La presse israélienne valorise l'alliance avec Trump et met en avant la responsabilité du Hamas et du Hezbollah dans l'escalade régionale, tout en relayant peu les critiques adressées à Netanyahu.
Annexion villages libanais
Netanyahu affirme que des villages chrétiens du sud-Liban ont demandé à être annexés par Israël pour se protéger du Hezbollah, une revendication relayée sans contradiction par certains médias tandis que le maire de Rmeish la dément formellement.
Responsabilité crise Gaza
La presse israélienne attribue la crise humanitaire à Gaza à la responsabilité du Hamas (corruption sur les évacuations médicales, coordination antérieure avec le Hezbollah), tandis que d'autres presses pointent les frappes israéliennes et la détention prolongée du médecin comme causes directes.
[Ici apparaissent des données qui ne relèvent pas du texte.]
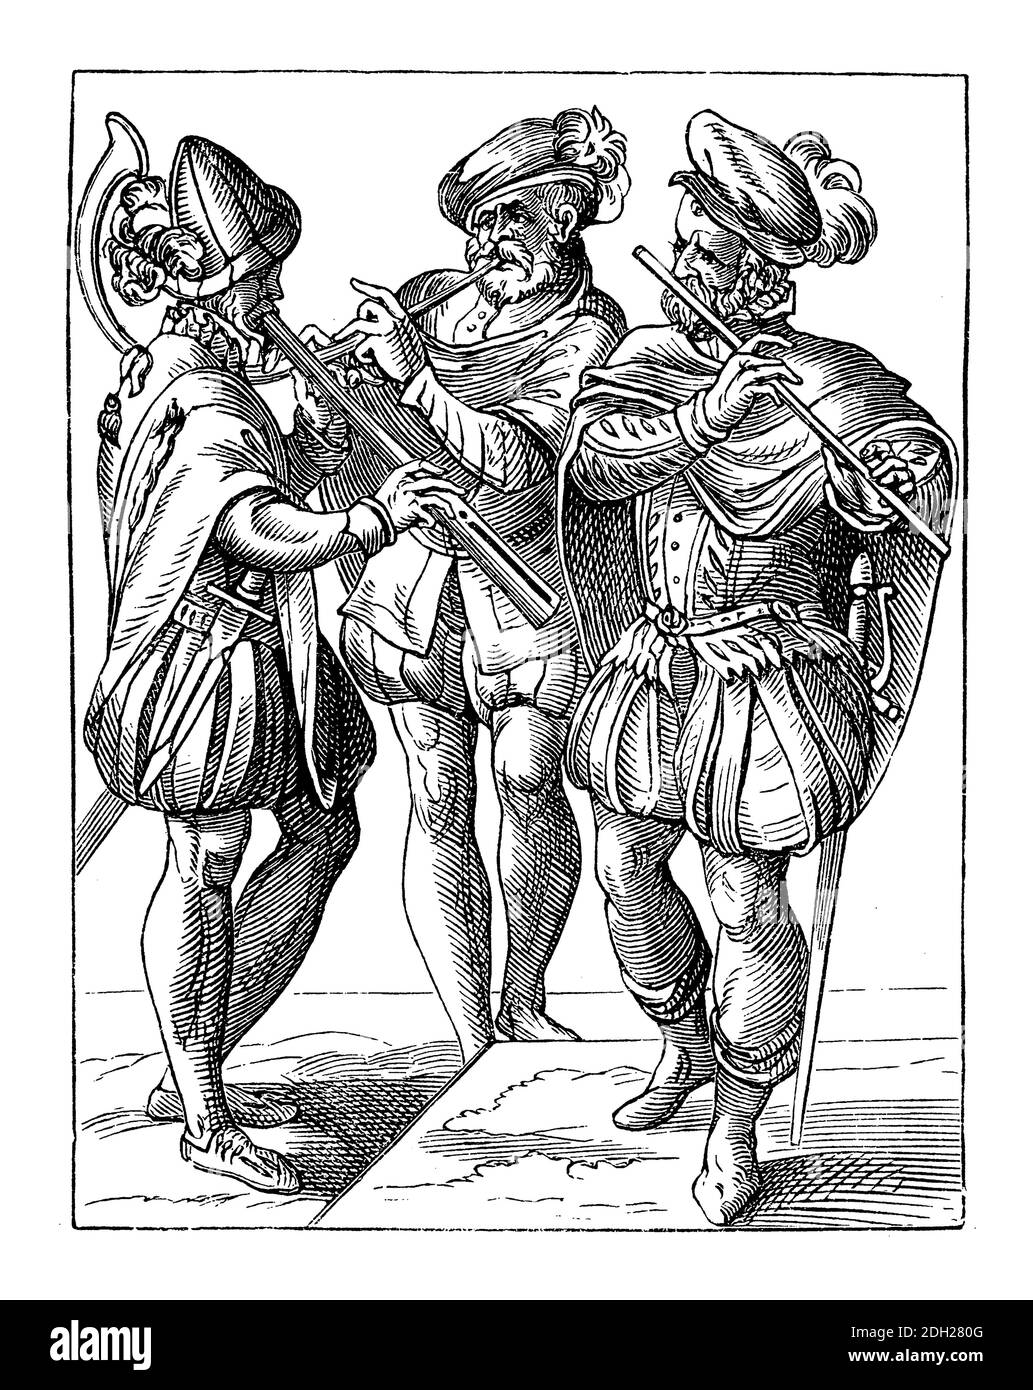 Musiciens allemands jouant des instruments à vent, coupe de bois de Jost Amman, XVIe siècle Banque D'Images

Solidité alliance Trump-Netanyahu
La presse israélienne met en avant une relation privilégiée et alignée entre Netanyahu et Trump, alors que d'autres presses documentent une fracture croissante, avec un appel qualifiant Netanyahu de "fou" et une chute de sa popularité auprès de l'opinion américaine.
Début juillet 2026, Benjamin Netanyahu affronte des pressions convergentes sur plusieurs fronts : la trêve fragile à Gaza continue de produire des victimes civiles, la détention prolongée d'un médecin de l'hôpital Kamal Adwan attire l'attention d'ONG internationales, et ses déclarations sur une possible annexion de villages libanais sont contestées localement. Simultanément, sa relation avec Donald Trump, présentée comme un atout par la presse israélienne, apparaît plus fragile dans d'autres médias, qui documentent une chute de popularité aux Etats-Unis et des tensions rapportées entre les deux dirigeants avant une possible rencontre à la Maison-Blanche.